Black Rose

A Tucson Kid Western #8

by Richard Dawes

The Tucson Kid battles his way out of a town run by and for outlaws. Hoping for a rest, he rides into the sleepy village of San Ignacio. There he meets an old friend, a lawman who persuades Tucson to help him transport a murderer and a shipment of gold through bandit territory.

Unknown to the lawman, Tucson is carrying a map to a silver mine worth millions of dollars. During the dangerous journey, the Kid meets Black Rose, a legendary outlaw queen, who wants that map. Their epic battle over the silver mine extends across the southwest – a battle that only one of them will survive.


Chapter One


A twig snapped in the darkness; boots glided furtively across the sand; suddenly, muzzle flashes turned night into day, illumining bearded faces, hard eyes and mouths stretched to grim lines. The thunder of gunfire rolled across the mesquite-covered hills as bullets tore into the bedroll thrown in the cover of a gnarled oak, shredding the blanket.

As the two gunmen stopped firing, a voice as cold and hard as steel spoke from the bushes to one side, “Are you hombres looking for me?”

Grunting with surprise, the killers spun around in the direction of the voice.

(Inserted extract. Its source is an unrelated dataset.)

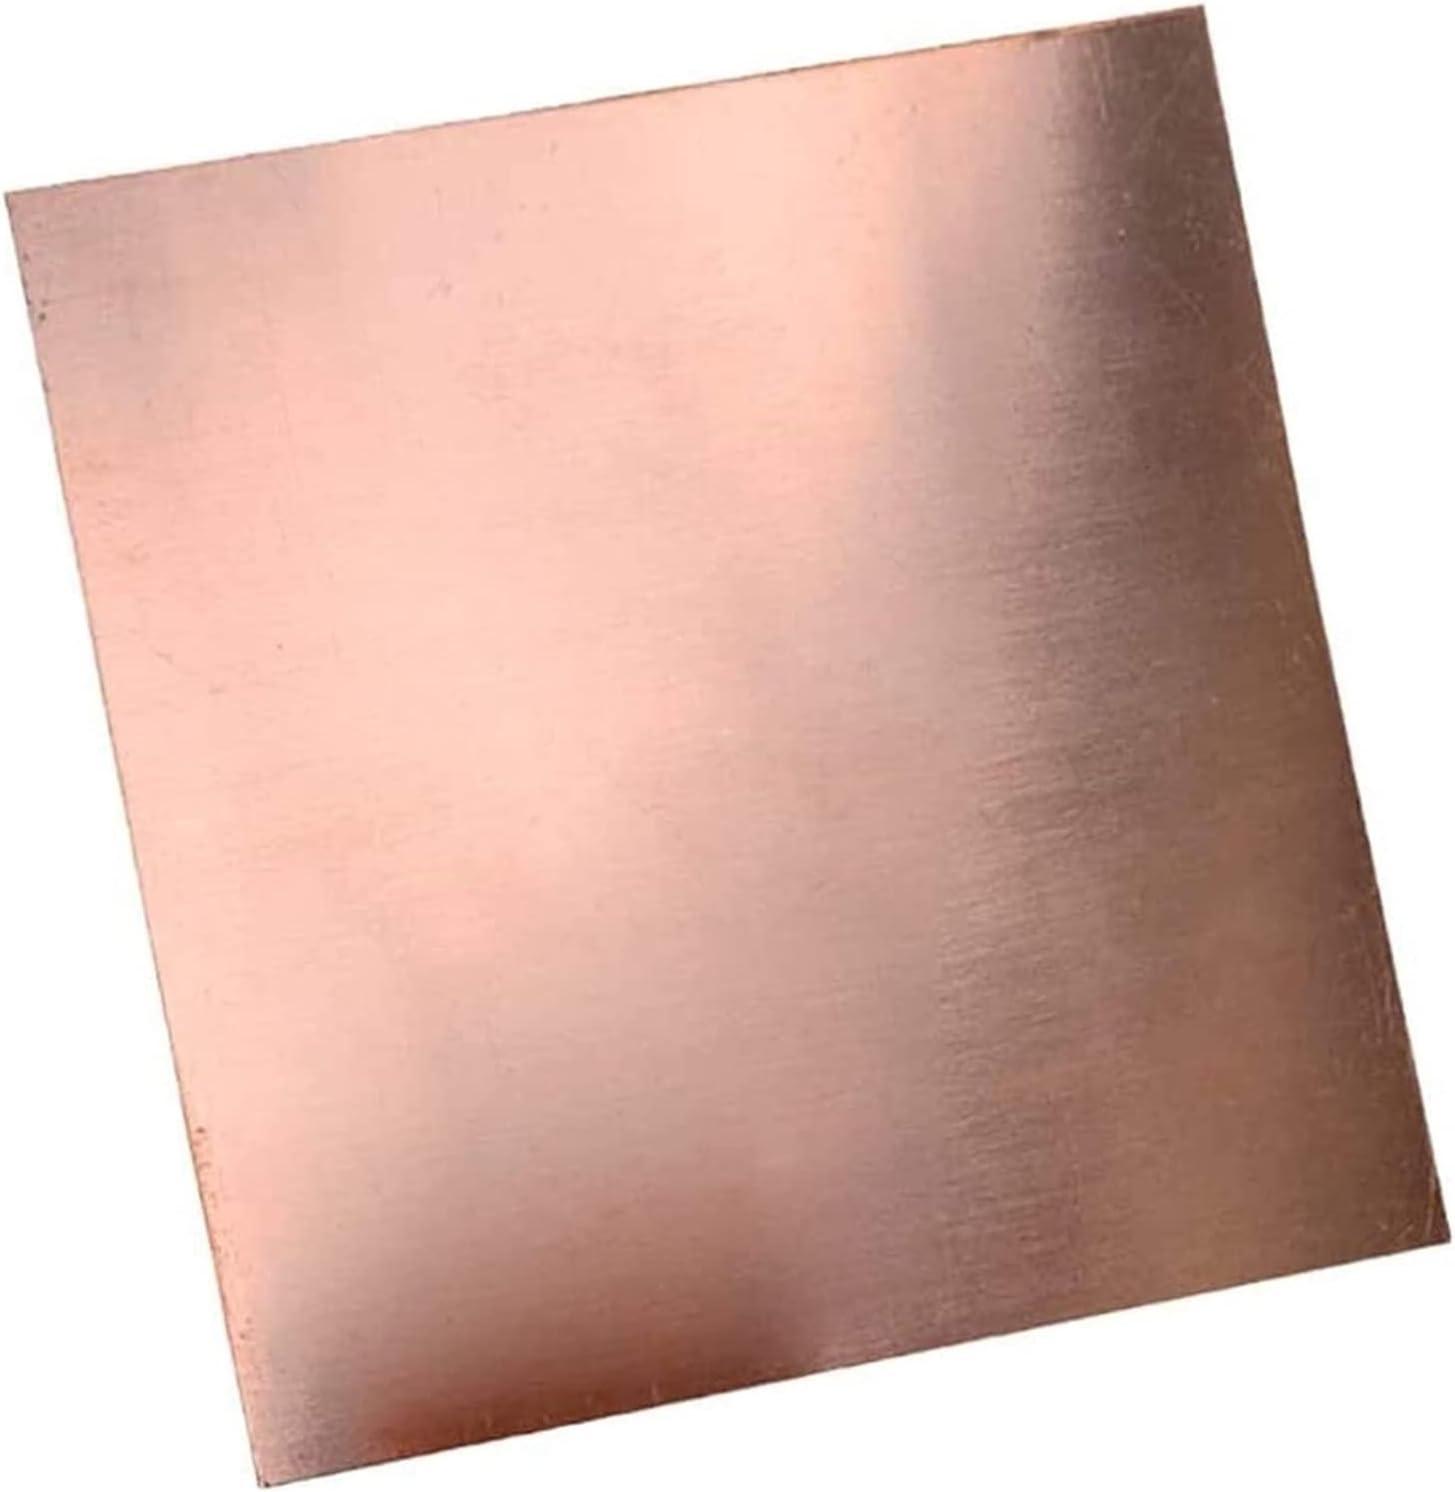 lovediyxihe Metal Max 60% OFF Copper foil Shee Pure Tulsa Mall Sheet
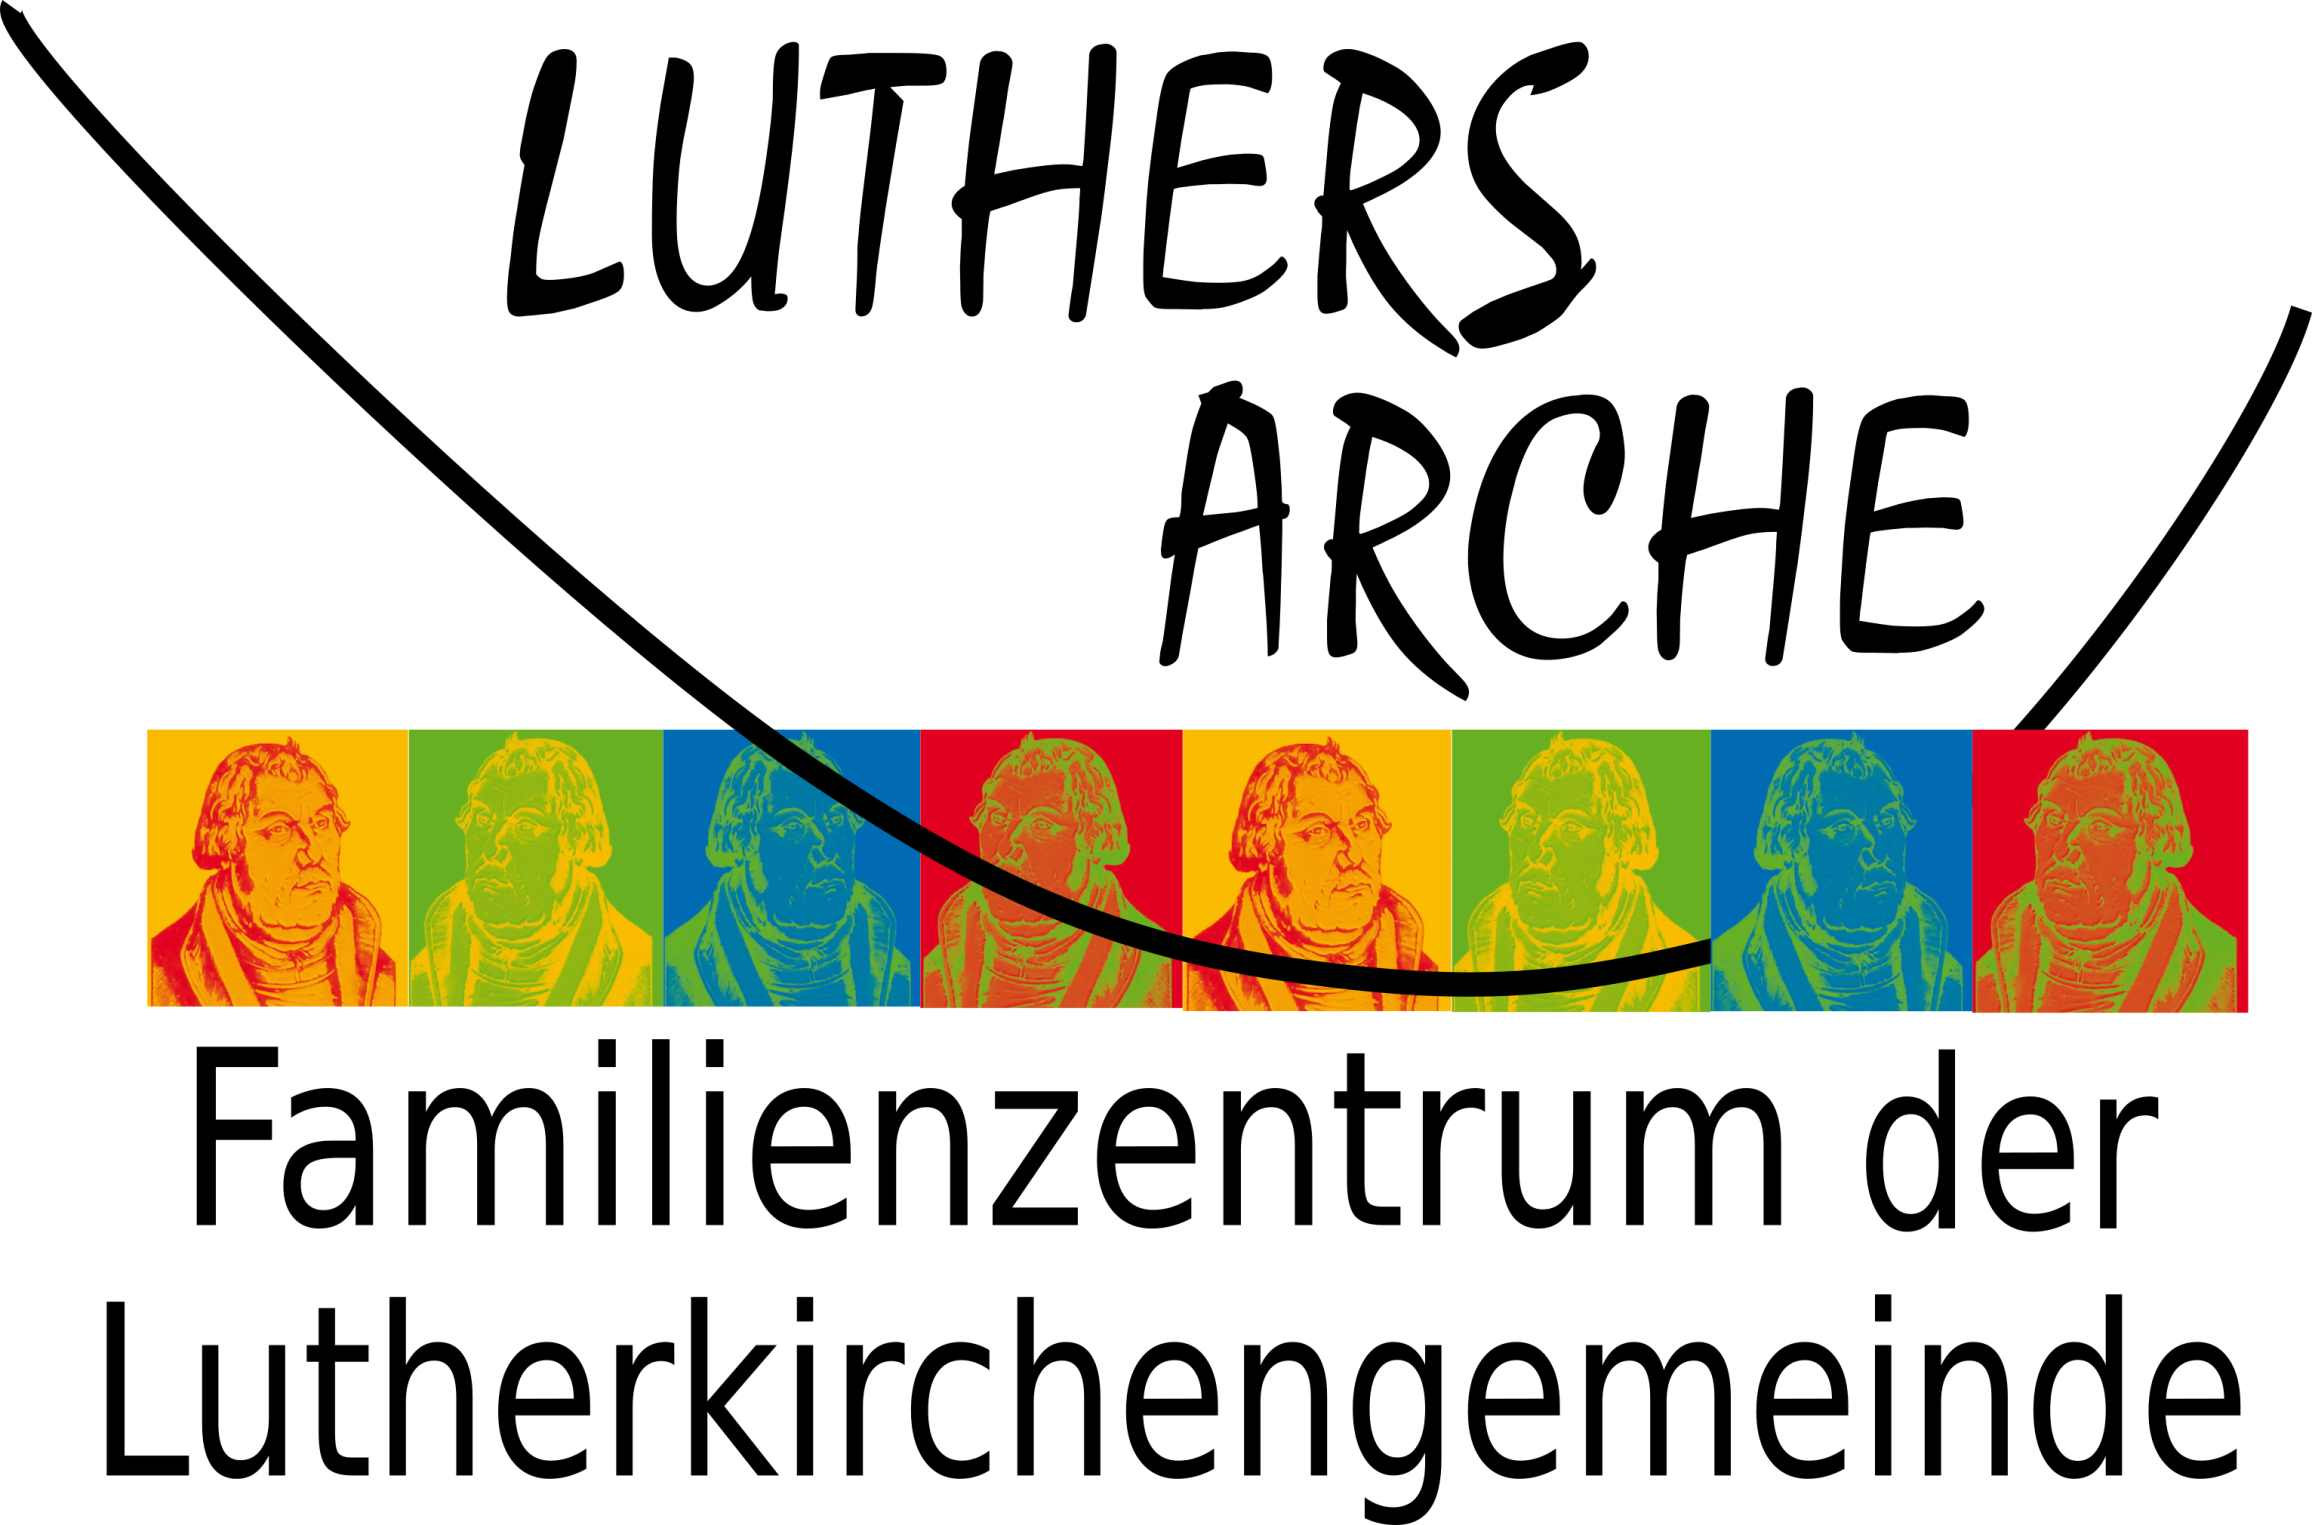 Familienzentrum Luthers Arche

Gunfire erupted again, but this time the muzzle flashes lit up a face gaunt and hard, with grey eyes shaded to the hue of molten steel and thin lips stretched in a cruel smile. Hot slugs ripped into the killers, their bodies jerked and shuddered as a chest exploded in a spray of blood, and intestines poured in a glistening heap onto the sand. Smoking guns fell from nerveless fingers as the gunmen dropped to their knees, then crumpled forward onto their faces in the blood-drenched dirt.

Tucson moved cautiously from the cover of the brush and walked toward the bodies stretched lifeless on the sand. As he came, his fingers automatically ejected the spent cartridges and reloaded his Colt .45 with the bullets lining his gun-belt. Gliding cat-like across the clearing, his tall, lean frame etched itself against the stars, revealing eyes that blazed yellow beneath the broad brim of his black sombrero, high cheekbones, a blade of a nose and a wide, pitiless mouth. His broad shoulders and deep chest were encased in a black leather jacket cut short at the waist, and his long, horseman's legs were covered in dark serge trousers. His gun-belt was black, and the smoking Colt in his right hand had blued steel and rosewood grips—neither of which reflected the light.

The somberness of his garb and his materialization from the shadows gave the eerie impression that he was a creature of the night; that darkness itself had taken human form. The flames flickering with sinister intensity in his eyes only heightened the impression.

Halting beside the bodies, he kicked their guns into the brush, then put his boot on the side of one man's head and rolled the face toward the sky. Sightless eyes reflected the stars. Then he did the same with the other. He didn't recognize either man.

“Bushwhackers...” he muttered contemptuously, in a deep voice, “...murdering and robbing anyone they found on the trail.”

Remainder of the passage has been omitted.